Hi, I'm really interested in film production and was wondering if it was possible to just get an experience of learning more about it. Is it possible to go to the Toronto Film School and apply for a course as a highschool student? Or is the school just for people who have graduated highschool?


----------



## TSMG

Hi All,

I am the Founder of the Toronto Screenwriters Meetup Group.

I went to Vancouver Film School - to be honest if you want to learn the industry, some of the best ways are to simply get out there and get involved.

Our screenwriters organization is a great place to start, we offer workshops, seminars, discounts on services, and so much more for prices geared towards the student budget.

Check out our latest event on Bravo!FACT funding opportunities.

[TSMG] Bravo!FACT: How To Be Funding Ready! - Feat. Judy Gladstone + PRIZES Only $10.00 ! ! !

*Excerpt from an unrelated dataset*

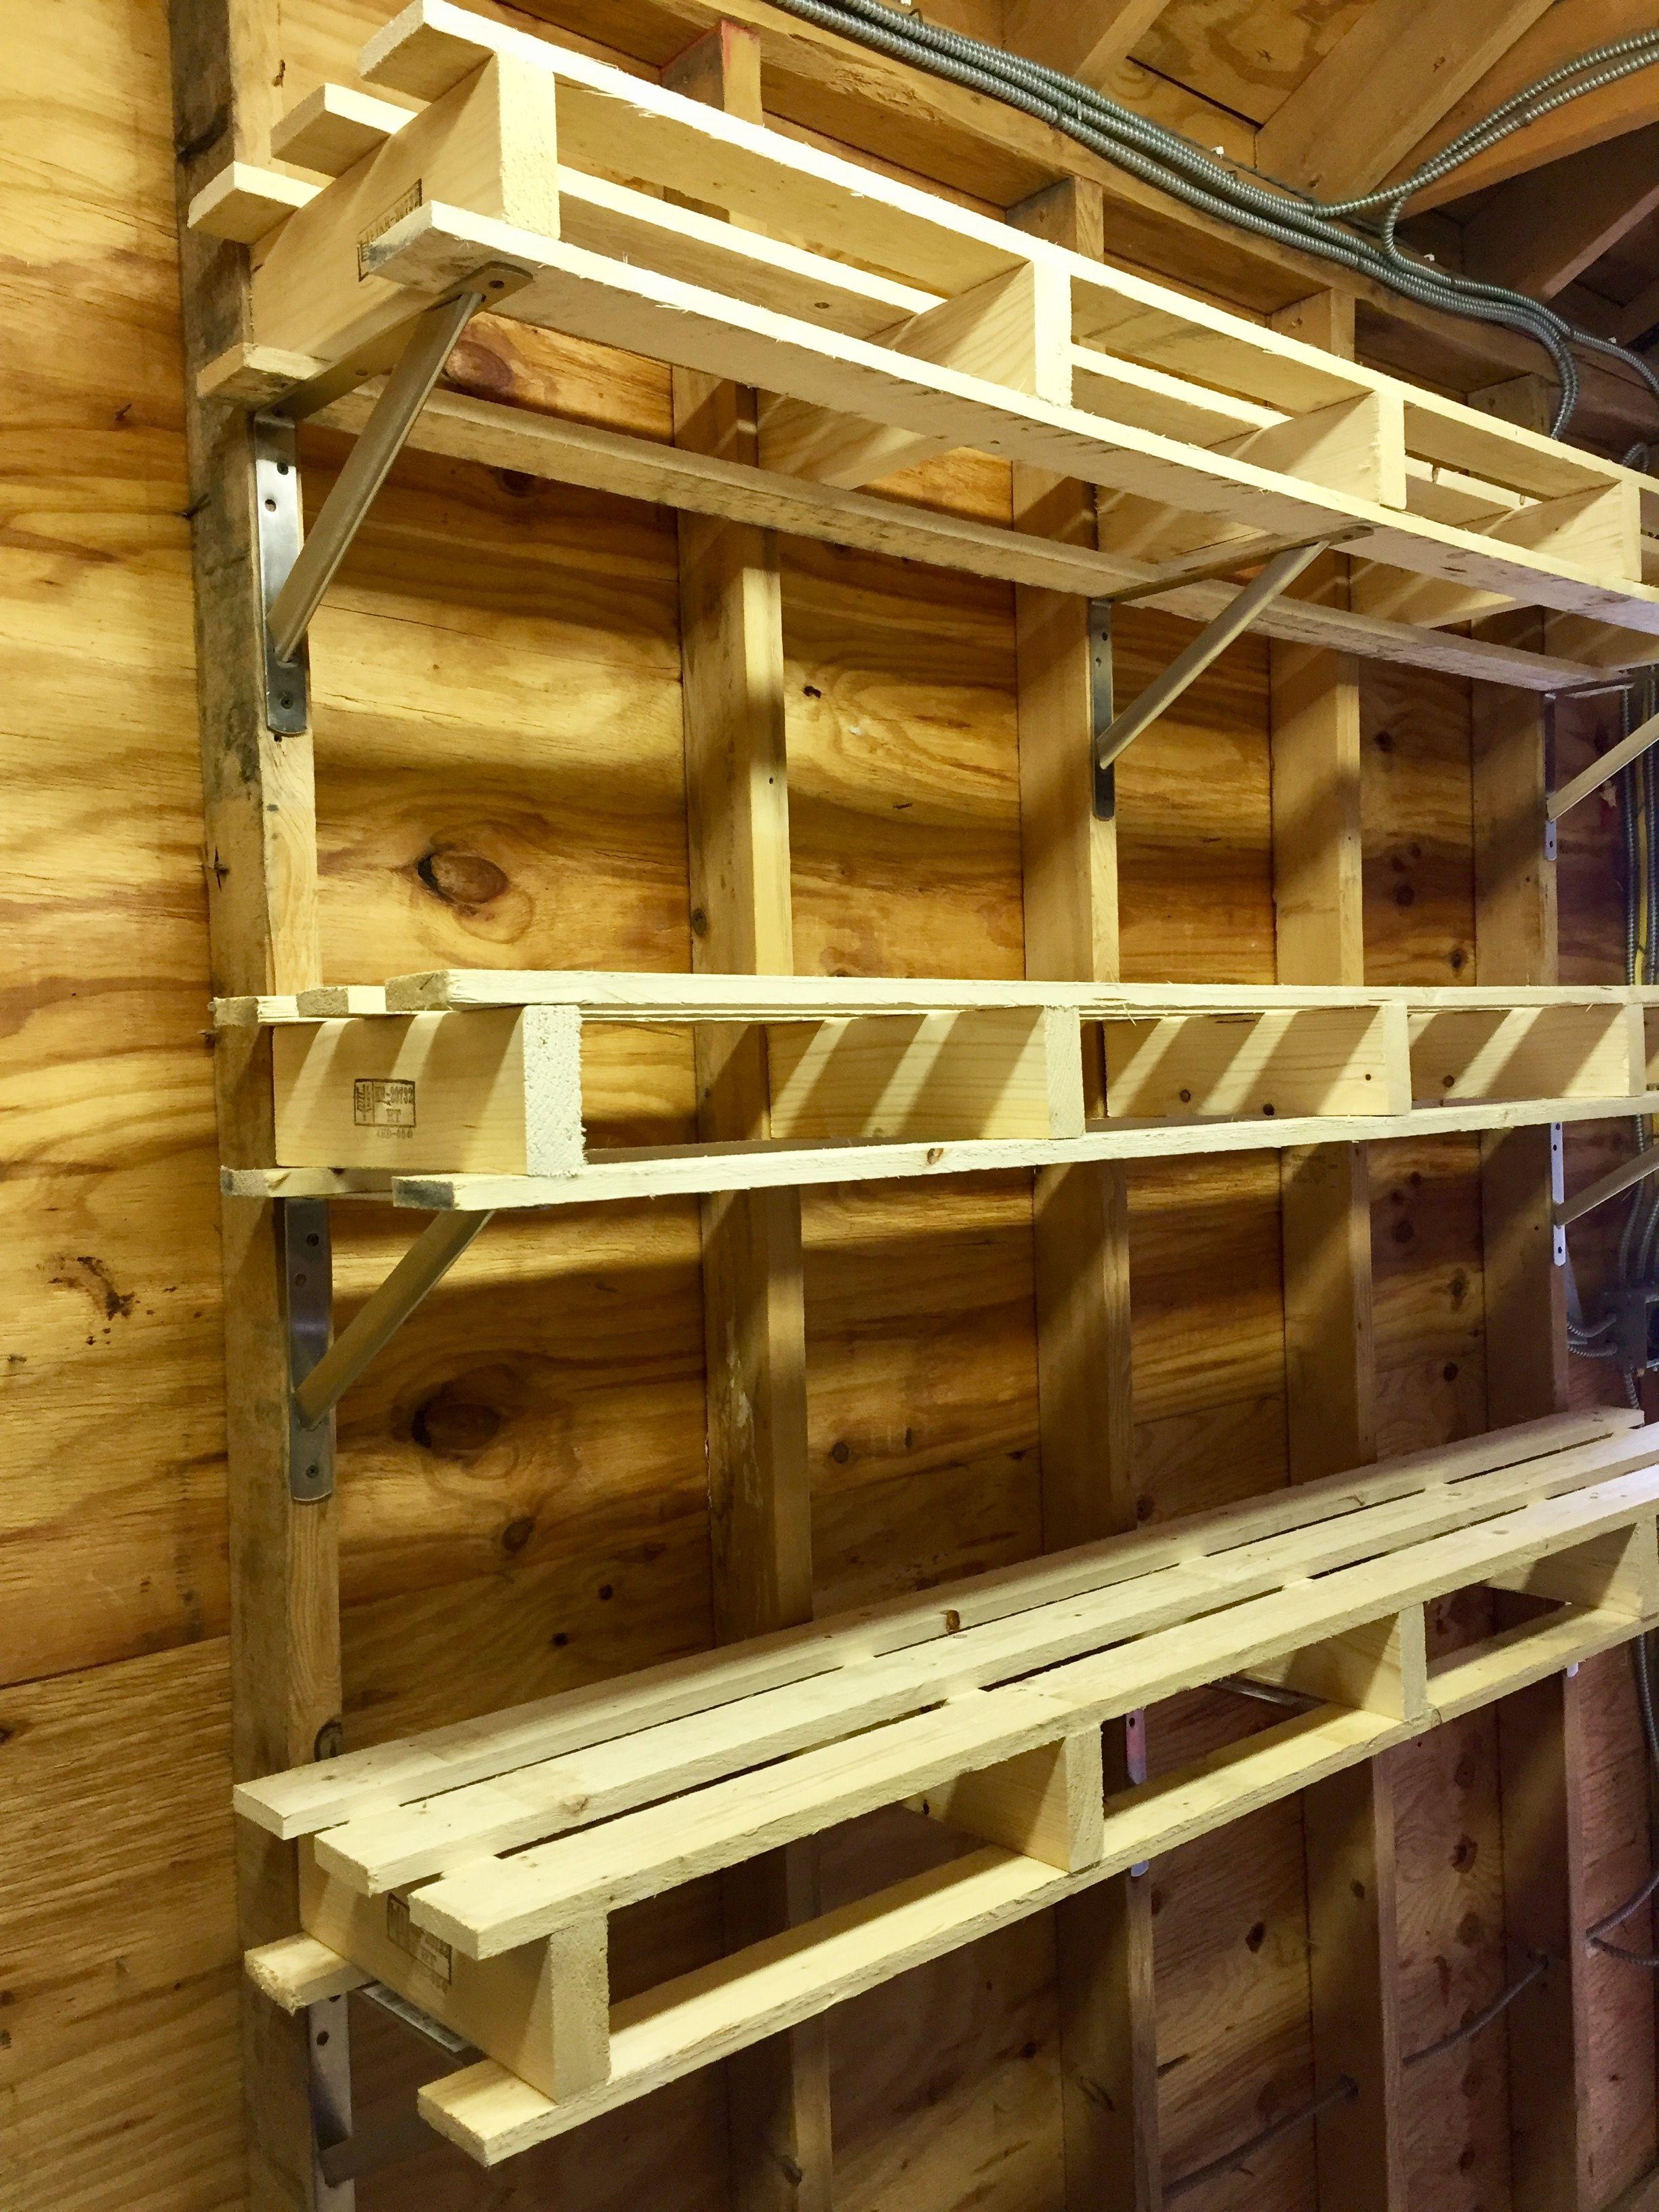 Pin by Joe DiNardo on DIY | Garage shelving, Wood shelves ...

Check it out at  [TSMG] Home Page http://www.meetup.com/screenwriters-240/


----------



## mythkiller

So finally is TFS a good place go to?


----------



## mythkiller

im thinking of joining that school as well, the fee is 40,000$ now by the way, international fee!


----------



## Mike_V

Closing this thread because it's over 5 years old and as the Site Rules have said, Please do not resurrect old threads. 
At this point, it's cleaner to start a new one with fresh info.


----------